• [DATA BLOCK]
>>>

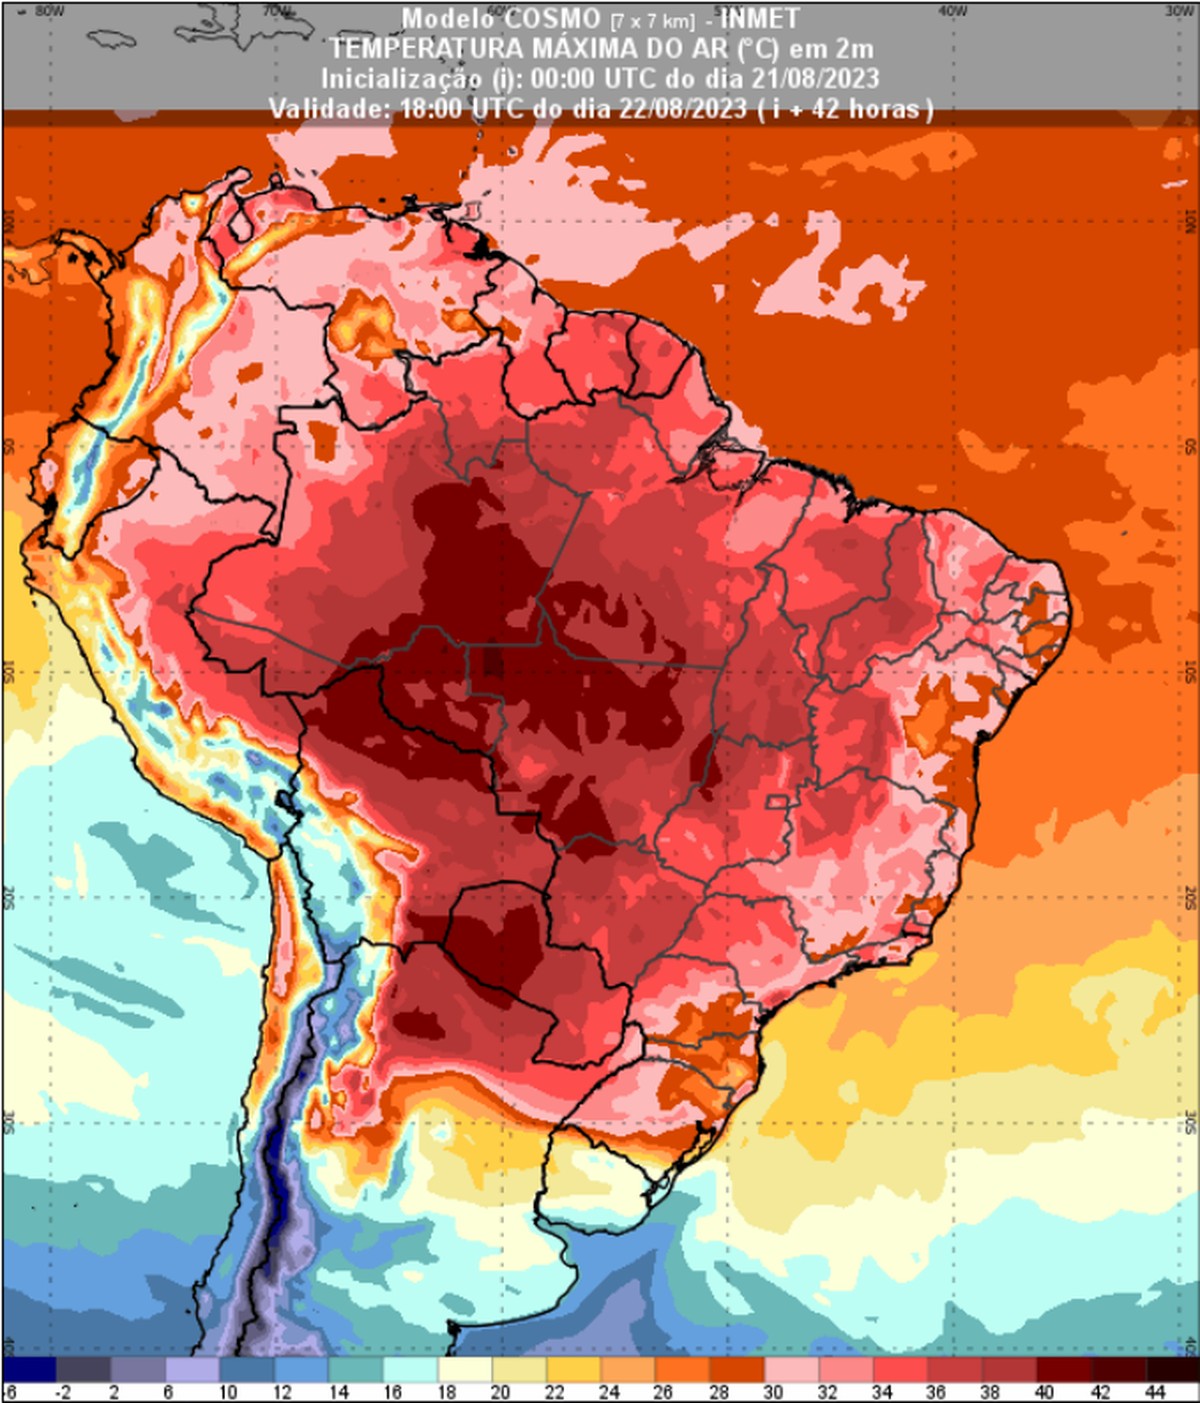 Brasil enfrenta onda de calor e pode ter recordes de temperatura
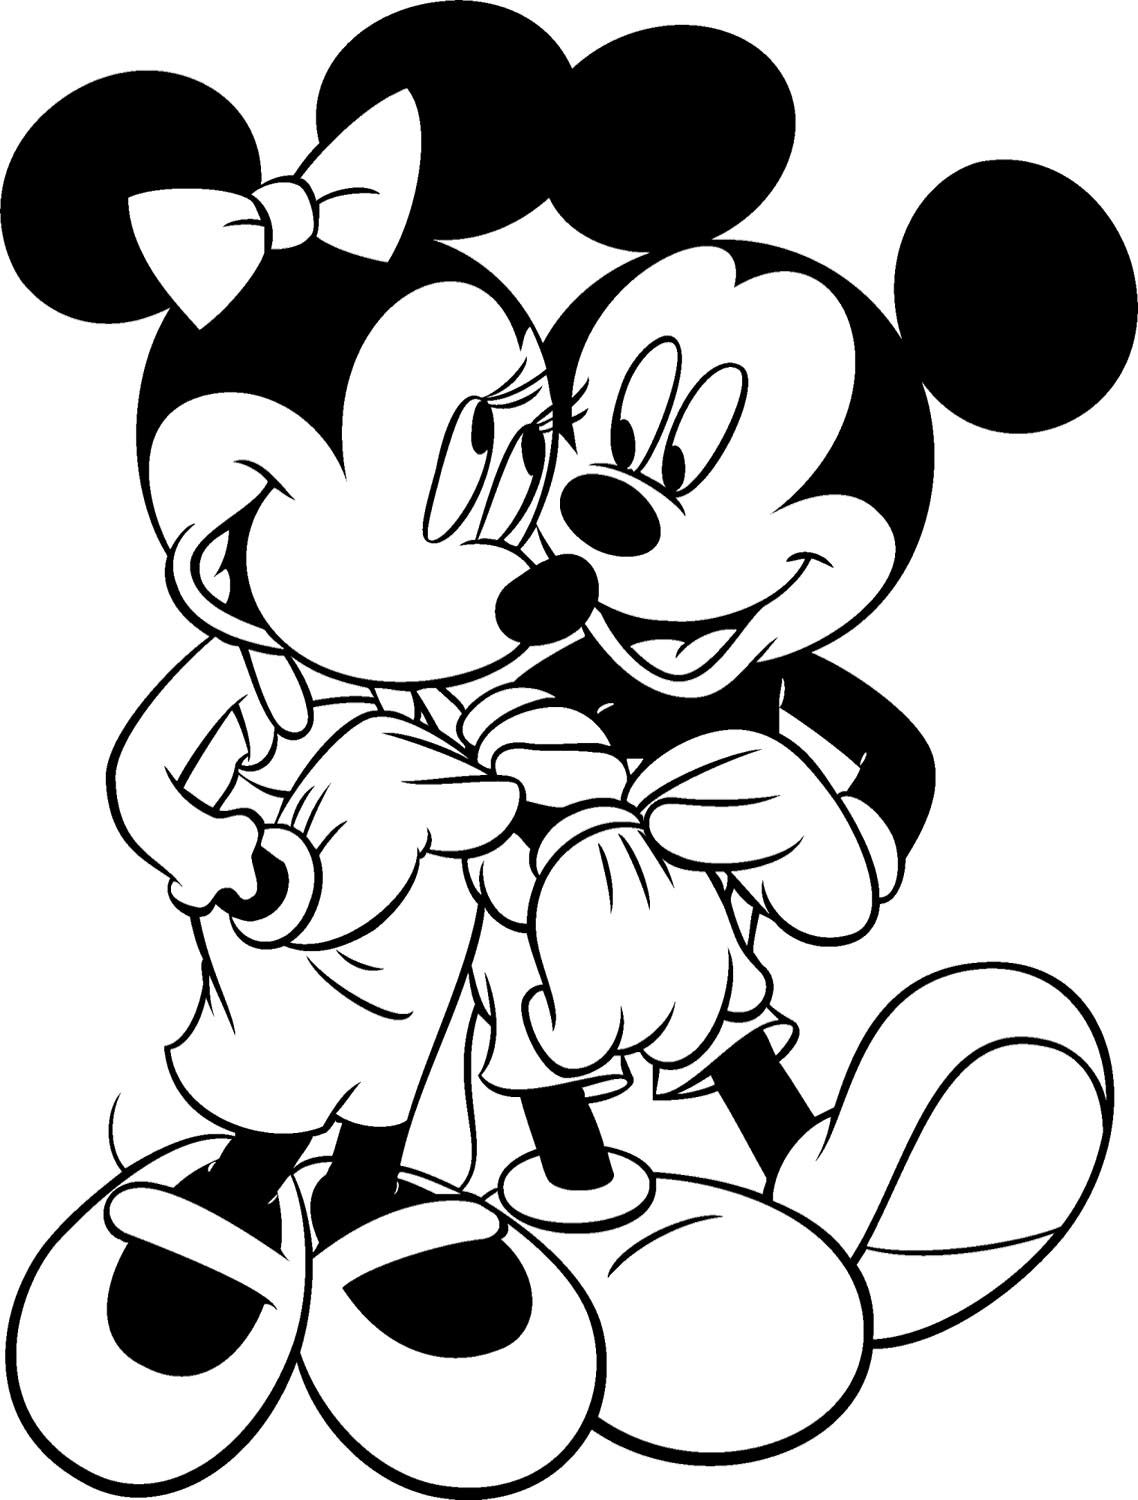 Chuột Mickey và những trang tô màu bạn gái xinh đẹp
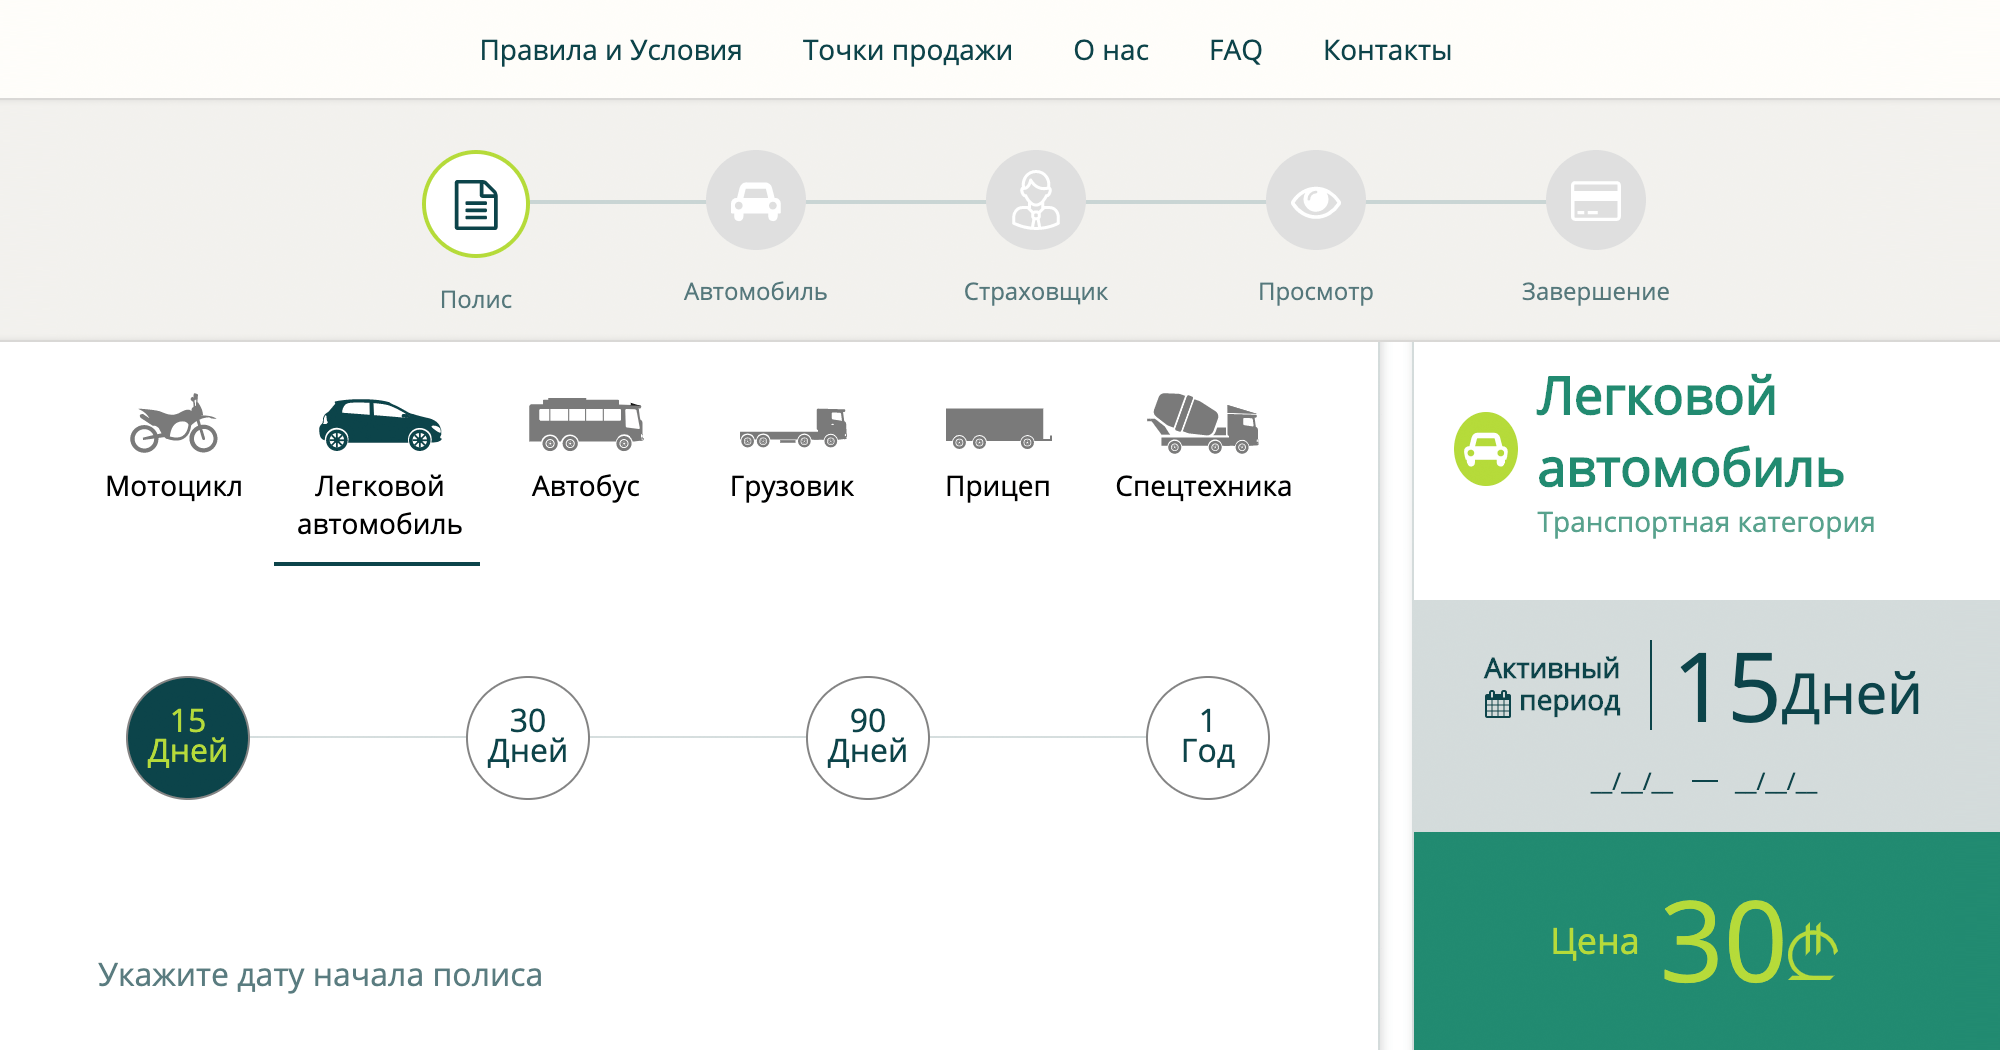 При покупке грузинской страховки можно выбрать русский язык, так что заполнить регистрационную форму очень легко
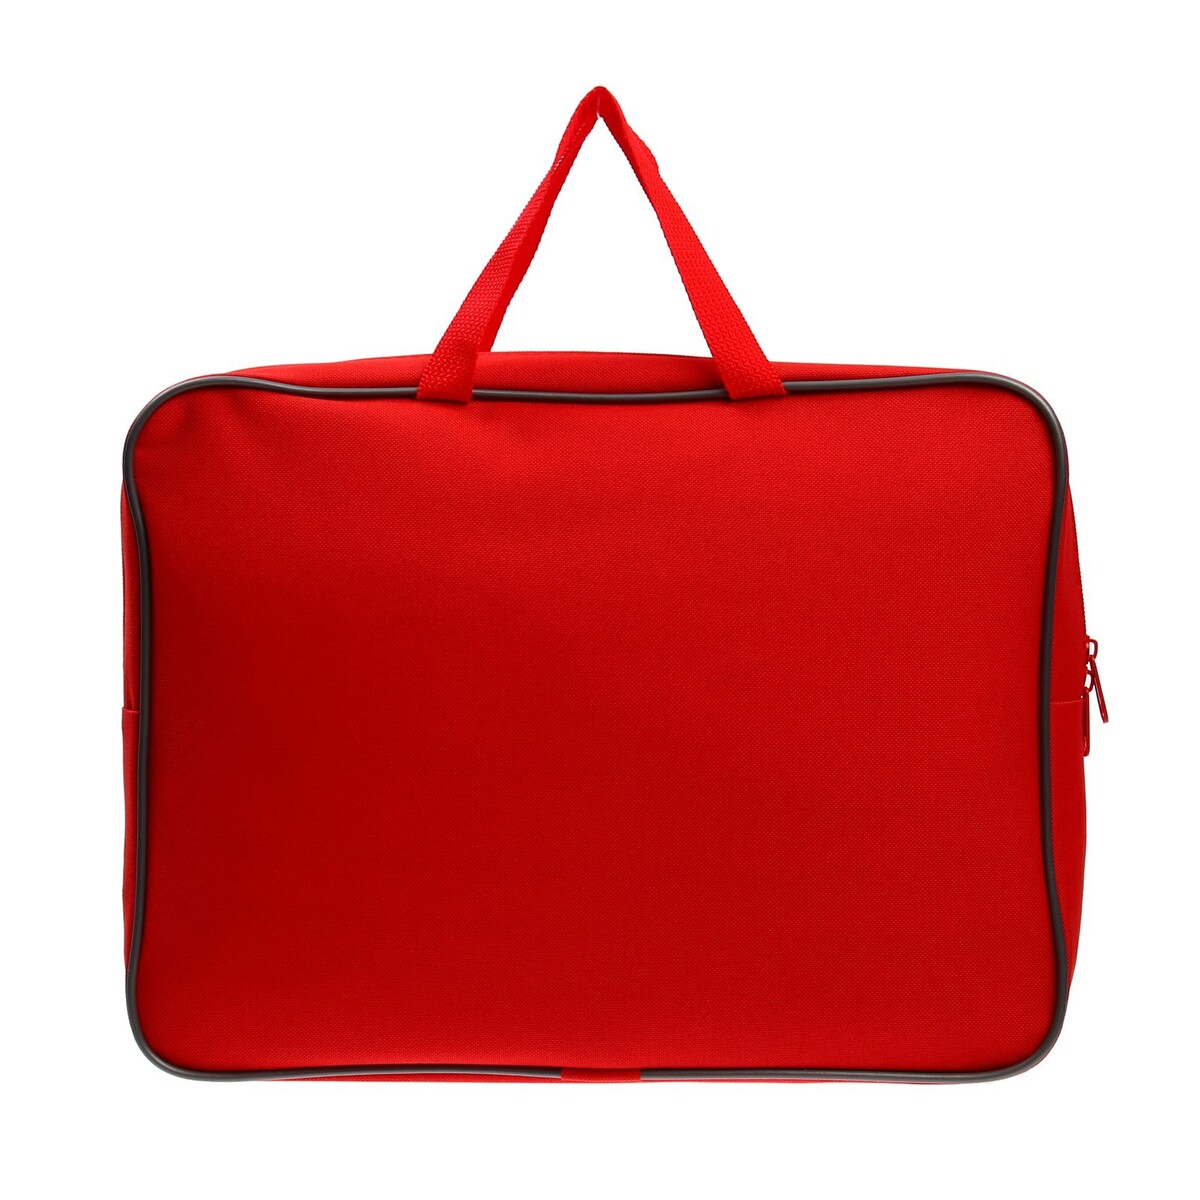 Папка с ручками а4, 360 х 270 х 80 мм, текстильная, внутренний карман, красная 1ш48 сумка текстильная одно 32 3 38 отд на молнии н карман розовый

<<<

• [TASK DETAILS]
Reproduce the data word for word, excluding its pictures.

• [RESULT OF THE EXERCISE]
 Brasil enfrenta onda de calor e pode ter recordes de temperatura
 Chuột Mickey và những trang tô màu bạn gái xinh đẹp
 При покупке грузинской страховки можно выбрать русский язык, так что заполнить регистрационную форму очень легко
 Папка с ручками а4, 360 х 270 х 80 мм, текстильная, внутренний карман, красная 1ш48 сумка текстильная одно 32 3 38 отд на молнии н карман розовый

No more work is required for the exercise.